Software Engineering for Self-Adaptive Systems III. Assurances PDF Author: Rogério de Lemos
Publisher: Springer
ISBN: 3319741837
Category : Computers
Languages : en
Pages : 435

Get Book

Book Description
A major challenge for modern software systems is to become more cost-effective, while being versatile, flexible, resilient, energy-efficient, customizable, and configurable when reacting to run-time changes that may occur within the system itself, its environment or requirements. One of the most promising approaches to achieving such properties is to equip the software system with self-adaptation capabilities. Despite recent advances in this area, one key aspect that remains to be tackled in depth is the provision of assurances. Originating from a Dagstuhl seminar held in December 2013, this book constitutes the third volume in the series “Software Engineering for Self-Adaptive Systems”, and looks specifically into the provision of assurances. Opening with an overview chapter on Research Challenges, the book presents 13 further chapters written and carefully reviewed by internationally leading researchers in the field. The book is divided into topical sections on research challenges, evaluation, integration and coordination, and reference architectures and platforms.

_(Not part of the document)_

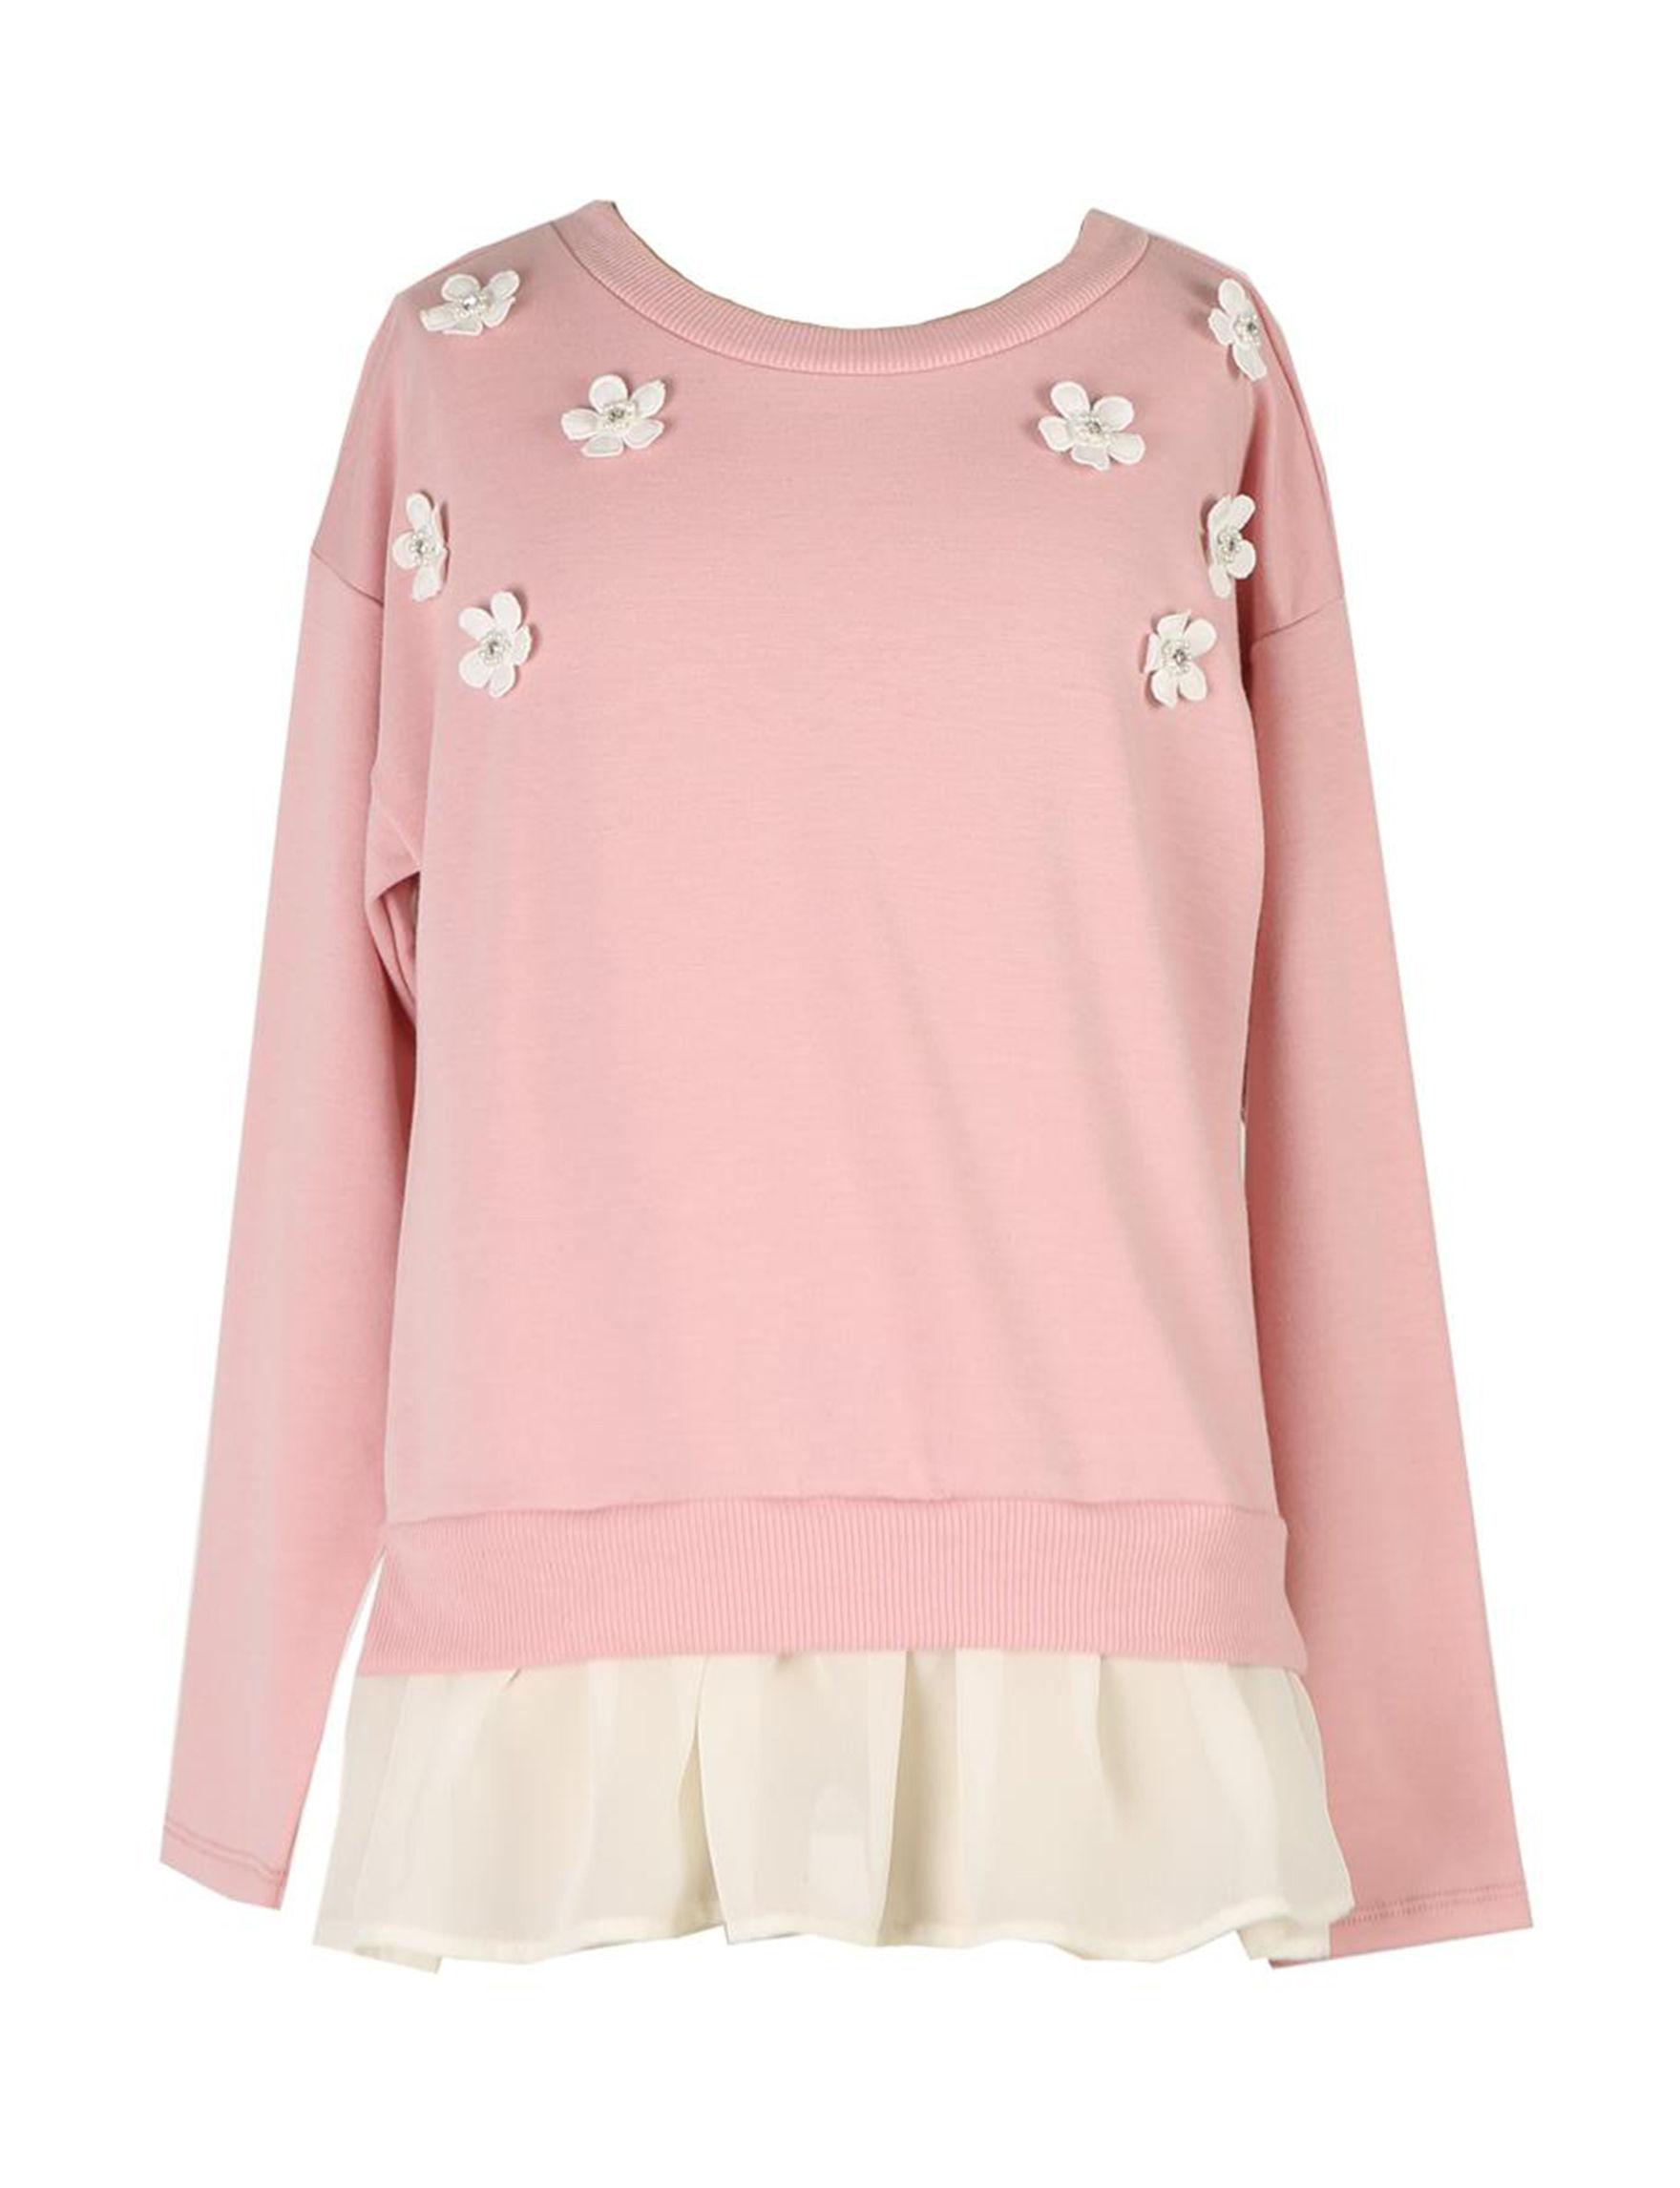 Speechless Pink / Ivory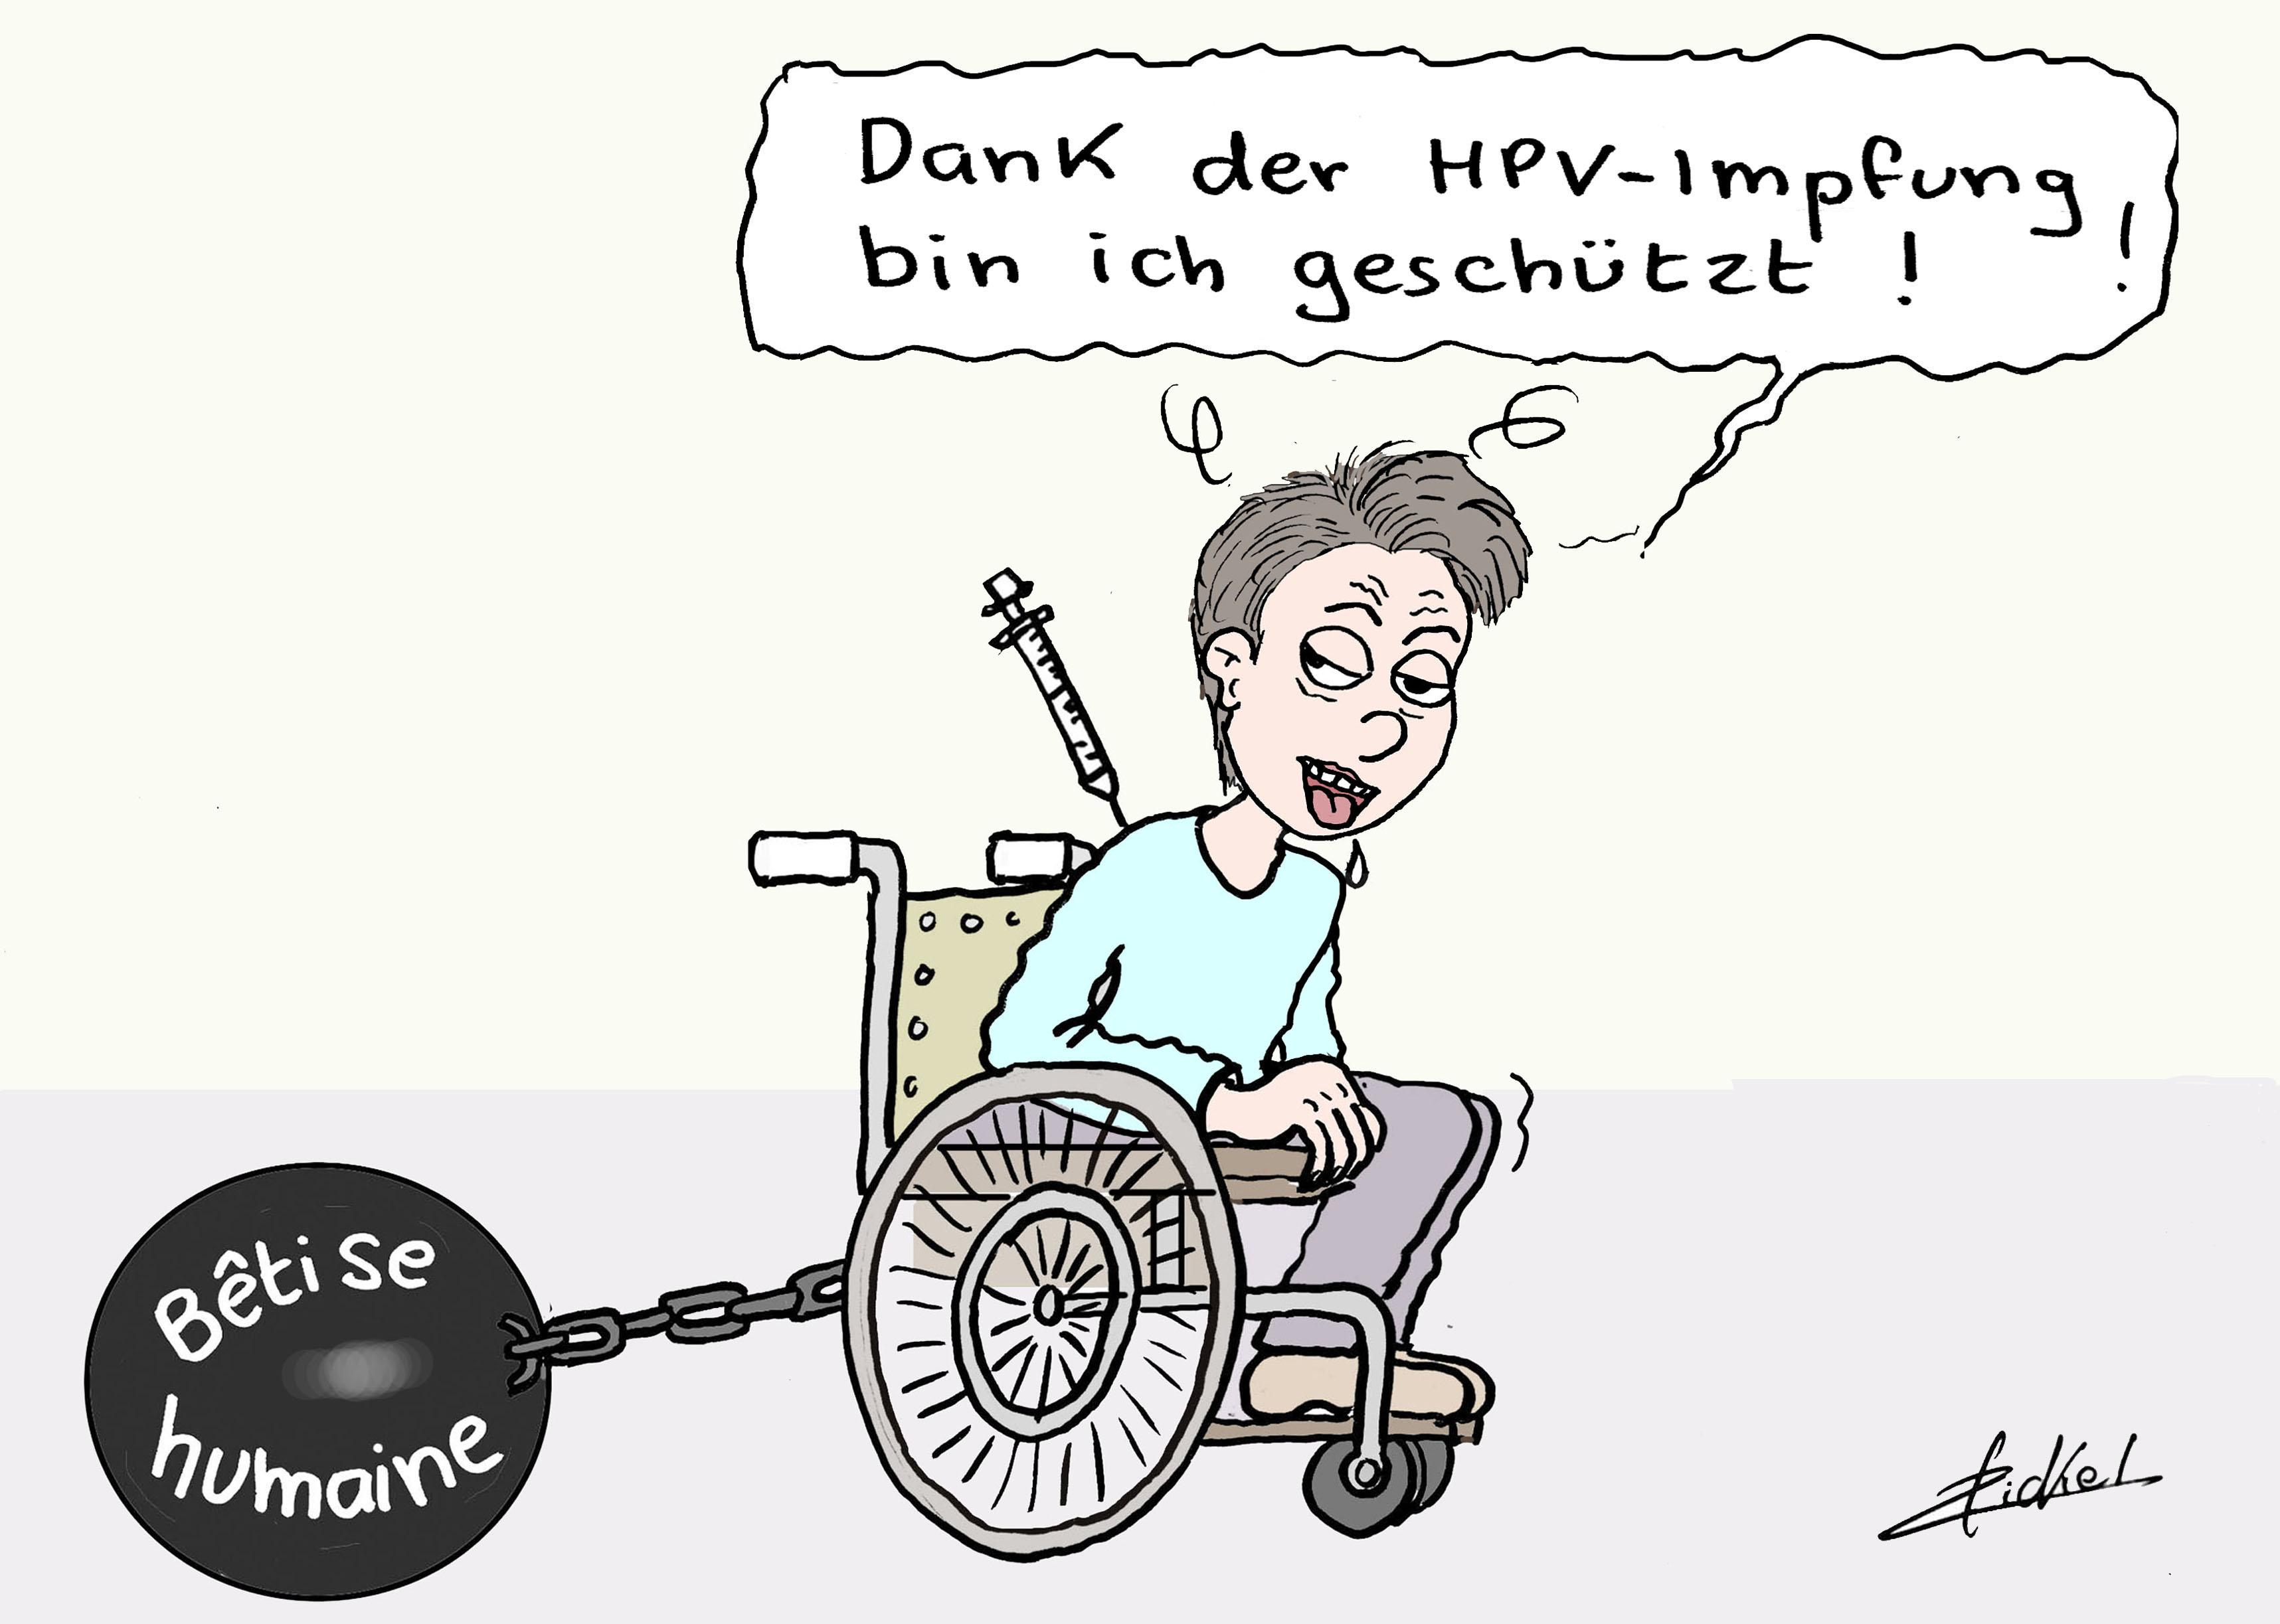 hpv impfung luxemburg)

An Introduction to Self-adaptive Systems

An Introduction to Self-adaptive Systems PDF Author: Danny Weyns
Publisher: John Wiley & Sons
ISBN: 1119574943
Category : Technology & Engineering
Languages : en
Pages : 288

Get Book

Book Description
A concise and practical introduction to the foundations and engineering principles of self-adaptation Though it has recently gained significant momentum, the topic of self-adaptation remains largely under-addressed in academic and technical literature. This book changes that. Using a systematic and holistic approach, An Introduction to Self-adaptive Systems: A Contemporary Software Engineering Perspective provides readers with an accessible set of basic principles, engineering foundations, and applications of self-adaptation in software-intensive systems. It places self-adaptation in the context of techniques like uncertainty management, feedback control, online reasoning, and machine learning while acknowledging the growing consensus in the software engineering community that self-adaptation will be a crucial enabling feature in tackling the challenges of new, emerging, and future systems. The author combines cutting-edge technical research with basic principles and real-world insights to create a practical and strategically effective guide to self-adaptation. He includes features such as: An analysis of the foundational engineering principles and applications of self-adaptation in different domains, including the Internet-of-Things, cloud computing, and cyber-physical systems End-of-chapter exercises at four different levels of complexity and difficulty An accompanying author-hosted website with slides, selected exercises and solutions, models, and code Perfect for researchers, students, teachers, industry leaders, and practitioners in fields that directly or peripherally involve software engineering, as well as those in academia involved in a class on self-adaptivity, this book belongs on the shelves of anyone with an interest in the future of software and its engineering.

Stochastic Systems

Stochastic Systems PDF Author: P. R. Kumar
Publisher: SIAM
ISBN: 1611974259
Category : Mathematics
Languages : en
Pages : 371

Get Book

Book Description
Since its origins in the 1940s, the subject of decision making under uncertainty has grown into a diversified area with application in several branches of engineering and in those areas of the social sciences concerned with policy analysis and prescription. These approaches required a computing capacity too expensive for the time, until the ability to collect and process huge quantities of data engendered an explosion of work in the area. This book provides succinct and rigorous treatment of the foundations of stochastic control; a unified approach to filtering, estimation, prediction, and stochastic and adaptive control; and the conceptual framework necessary to understand current trends in stochastic control, data mining, machine learning, and robotics.